(Beginning of Stored data)
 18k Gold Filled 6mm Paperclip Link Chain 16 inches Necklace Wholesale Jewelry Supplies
(End of Stored data)
(Beginning of Stored data)
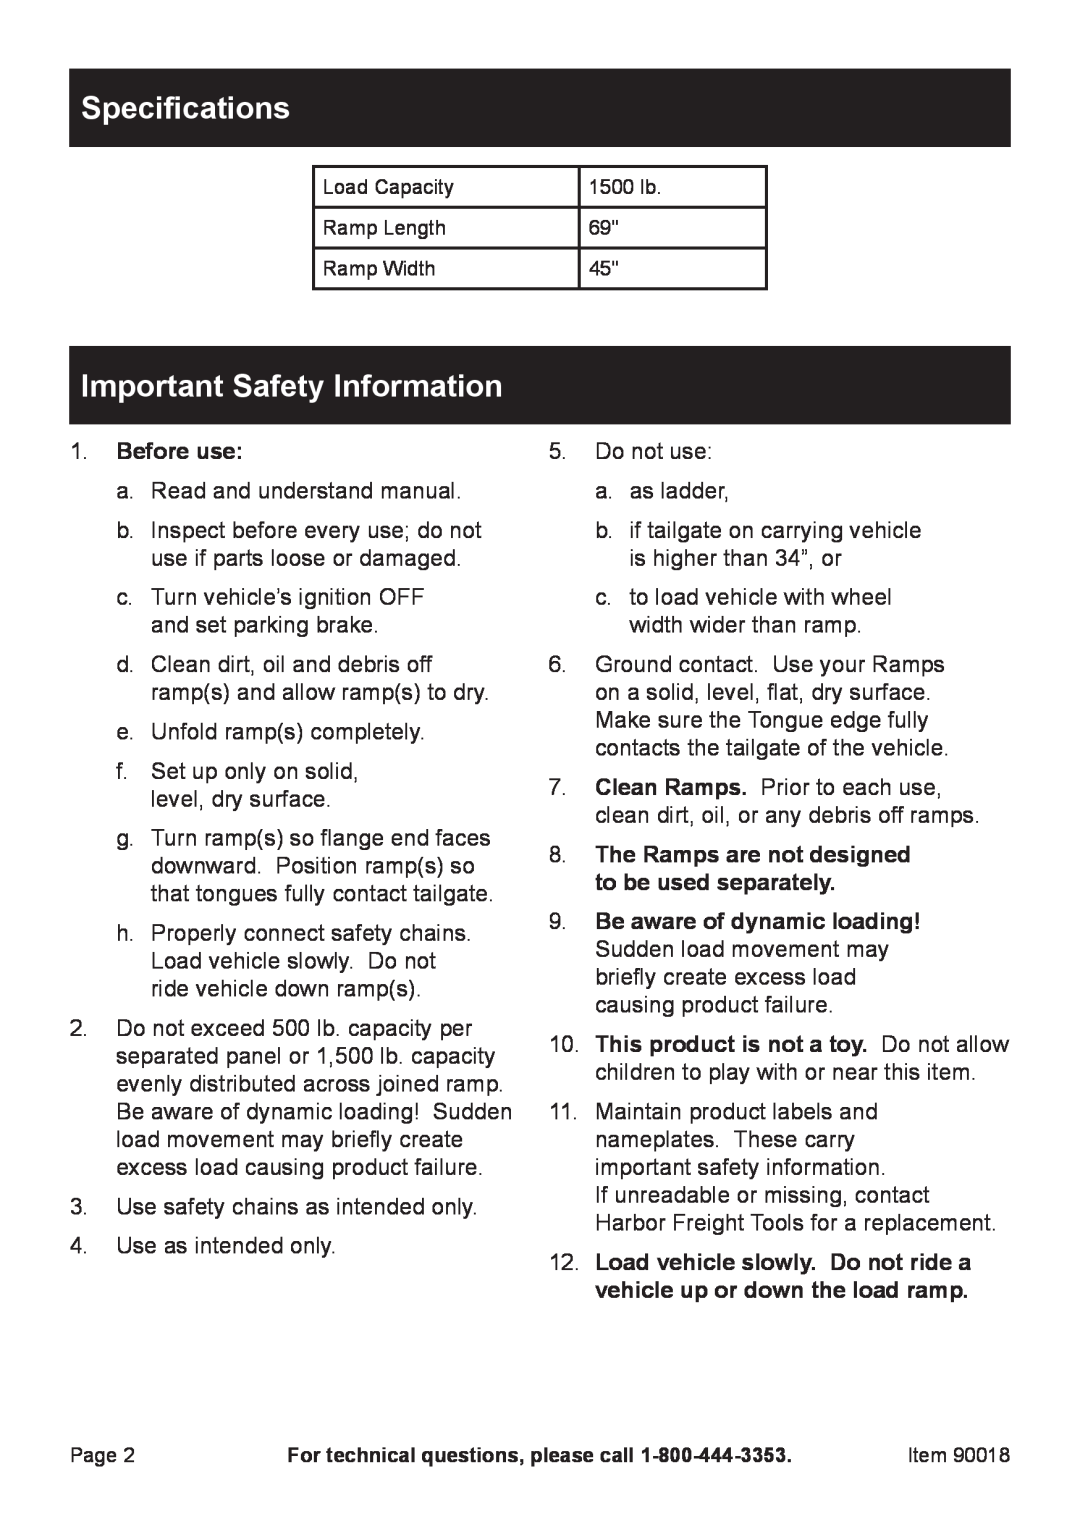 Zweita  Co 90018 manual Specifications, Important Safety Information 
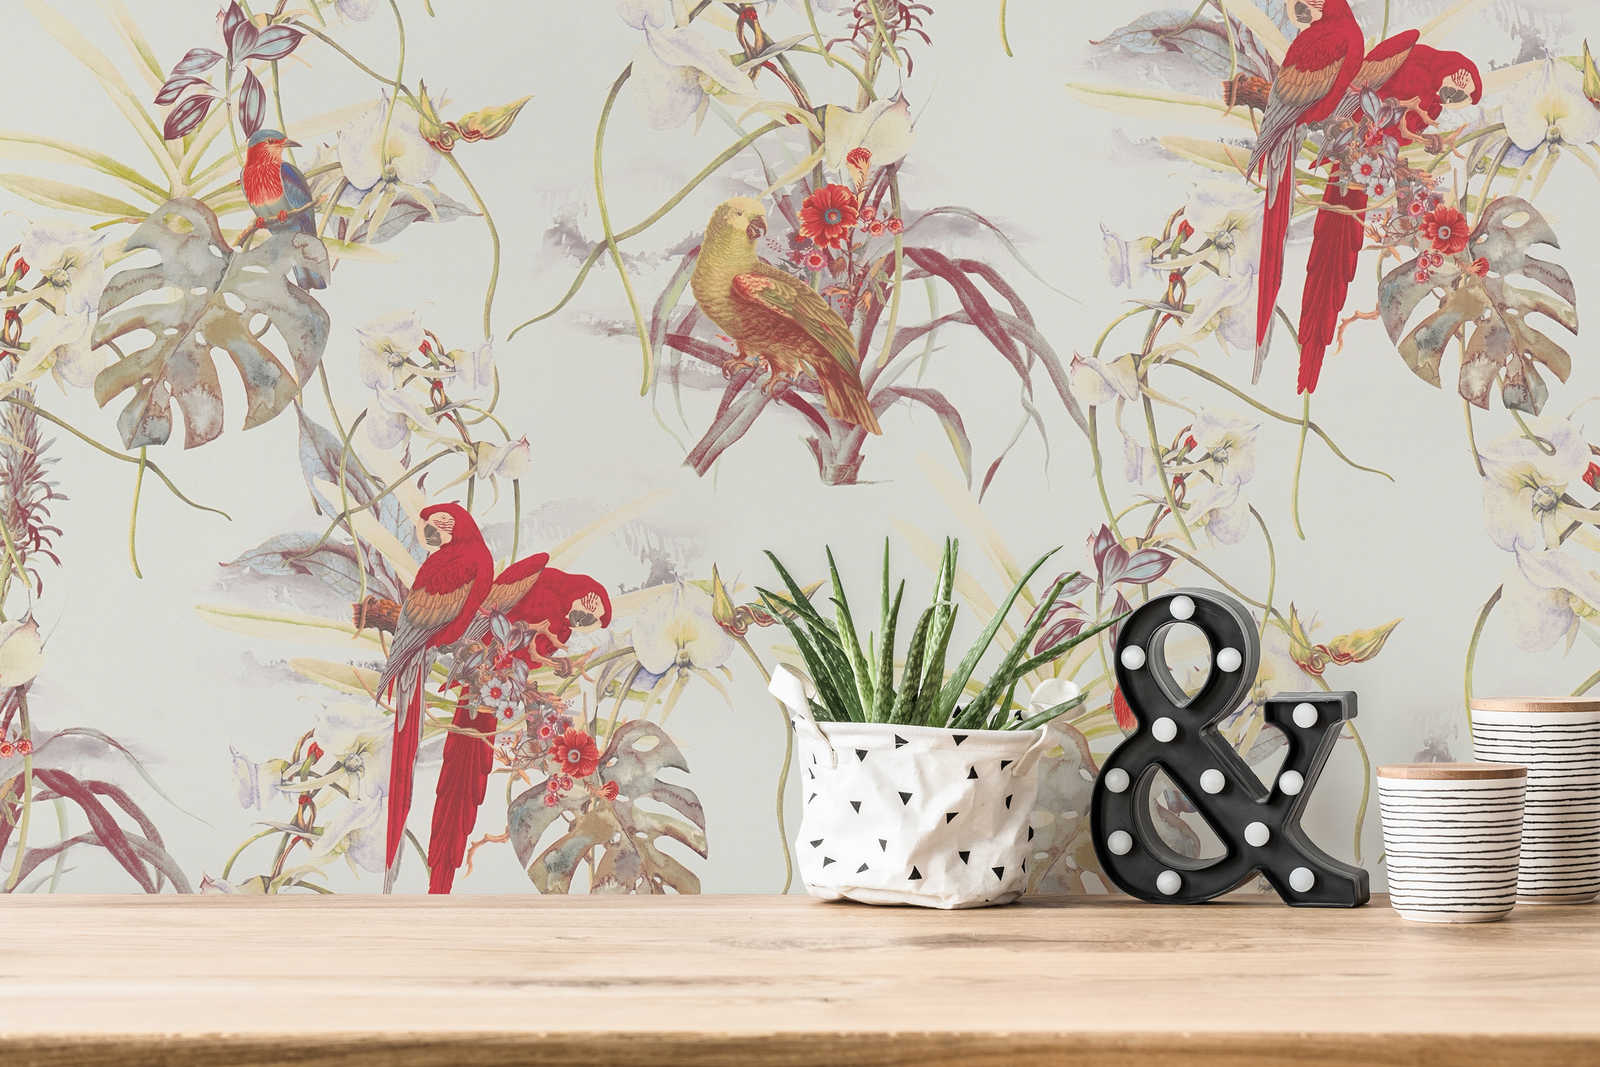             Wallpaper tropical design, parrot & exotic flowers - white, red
(End of Stored data)
▶ _Work instruction_
Copy the lines above exactly, starting with the line that contains "Important Safety Information" and ending with the line that contains "Wallpaper tropical design, parrot", and leave out any pictures.

▶ _Answer space_
 Zweita  Co 90018 manual Specifications, Important Safety Information 
             Wallpaper tropical design, parrot & exotic flowers - white, red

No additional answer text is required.